Standardizing on BigQuery enables data scientists, DBA’s and analysts to make use of GCP’s many smart analytics tools, Key features are summarized below:
- BigQuery ML, which abstracts away the complexity of traditional machine learning solutions, enabling users to build and deploy ML models using only basic SQL
- Looker, which democratizes data analytics through an intuitive, self-service platform that enables anyone in the organization to analyze, explore, create, and share visualizations
- The on-demand pricing model is based on bytes scanned whilst purchasing fixed slots (reservations)
- Supports Native streaming, Partitioned data in a given table behaves like a single table – but this is mostly abstracted from the user
- Supports federated queries via Cloud SQL which includes support for Postgres and MySQL databases. Other sources include Google Sheets and Google Cloud Storage
- Federated queries are designed to bridge the gap between traditional analytics (OLAP) style databases and typical row-based, transactional style databases (Postgres, MySQL)
- Provides column-level security through Data Catalog and IAM permissions in which columns can be tagged according to a hierarchy that then corresponds to permissions
- Additional geospatial functions were added in September 2020. Growing features for querying geospatial data
- No need to format/re-format data as it supports Parquet, Avro, CSV, JSON, and ORC formats. Hence working off a single copy and system of record vs multiple copies
In one study at Purdue University undertaken by the Joint transportation research program traffic safety on US interstates, where they analyzed road safety using BigQuery a single query to examine a section of interstate highway over a 24-hour period takes just 7 minutes compared to 90 minutes with the existing/on-premise system. Batching 10 billion records could take a month with the old servers; the process takes just 5 minutes with BigQuery.

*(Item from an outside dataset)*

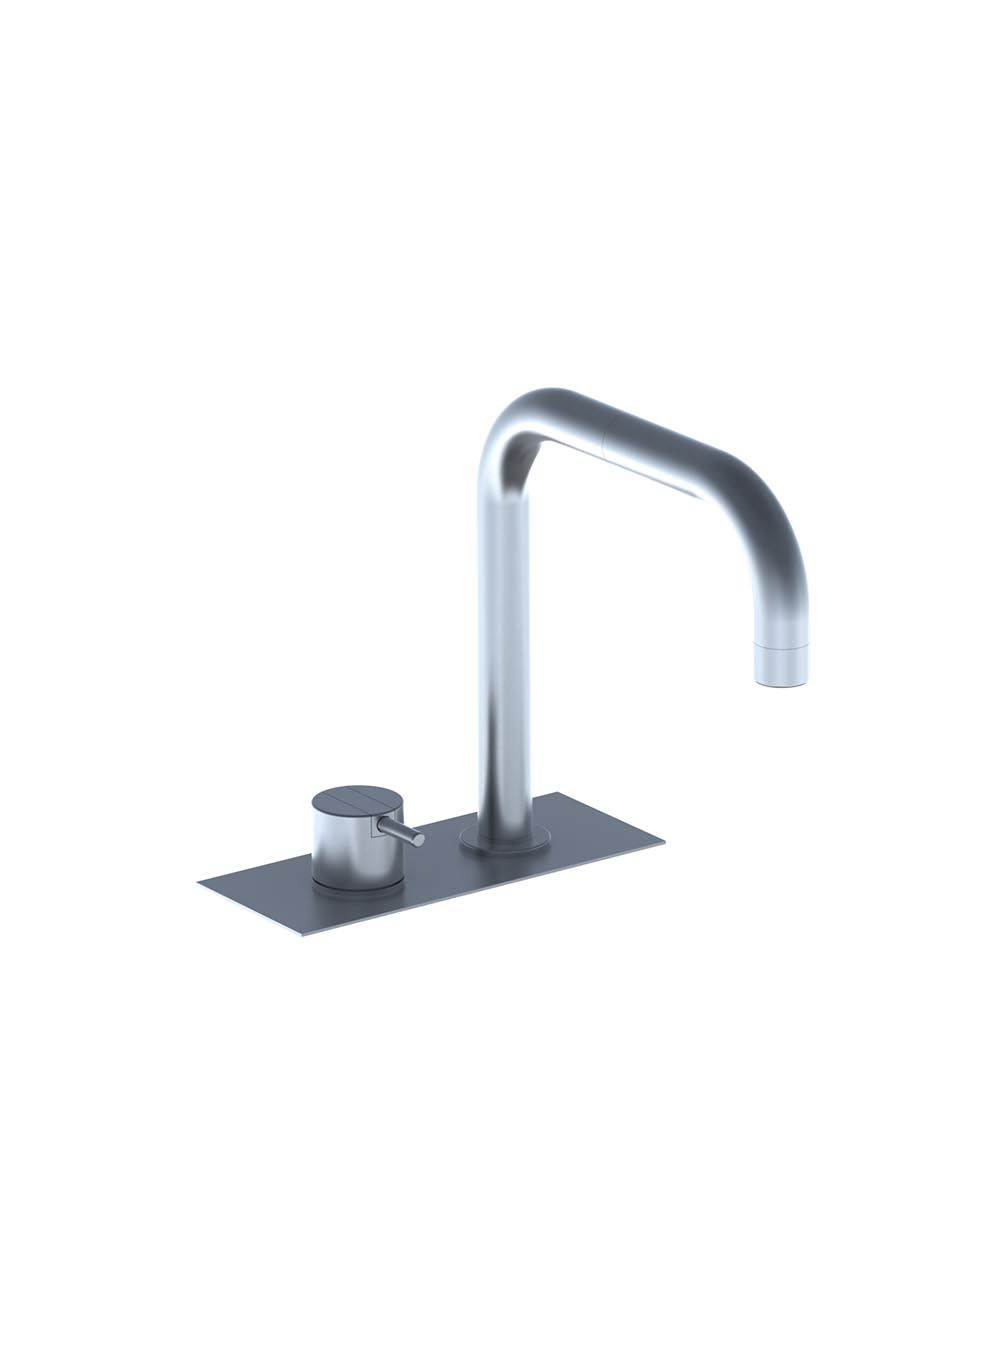 BK5: One-handle mixer with double swivel spout for bath filling. Complete with adjustable bracket and wat

Geotab is in the business of providing data-driven insights on commercial vehicles and fleets. This includes sensor data such as engine speeds to ambient air temperatures to driving and weather conditions. Geotab records a wealth of data through the Geotab GO telematics device and a range of integrated sensors and apps. At the time of publishing of this study, they were collecting data from 1.4m vehicles on which they stream 3 billion raw records in BigQuery and it took 5-10 seconds to get them from sensors to analytics. SpringML worked with the Google Cloud team and Geotab to implement this, Geotab case study is referenced here.
According to Mike Branch (VP of Data & Analytics – Geotab)
“Google Cloud Platform is helping us transform the way we create value for our customers. We can contextually benchmark data at scale; develop richer, more extensive data insight; grow our smart city business; and share our intelligence data with the general public through our data.geotab.com site. Google Cloud Platform is helping us achieve all that, and more.”
Google Cloud BigQuery has been the leader in moving towards this Golden age of databases by bringing such feature-function rich product suite as BigQuery. The COVID-19 pandemic has clearly highlighted the need for flexibility, resiliency, and redundancy in operations and data warehouses deployment. IT leaders want the ability to write apps once and deploy them anywhere without feeling “locked-in”. Data warehouses are an entry point to the cloud, with BigQuery you can embrace Multi-Cloud/Hybrid Cloud at the same time keeping your existing investments in cloud infrastructure operational and viable.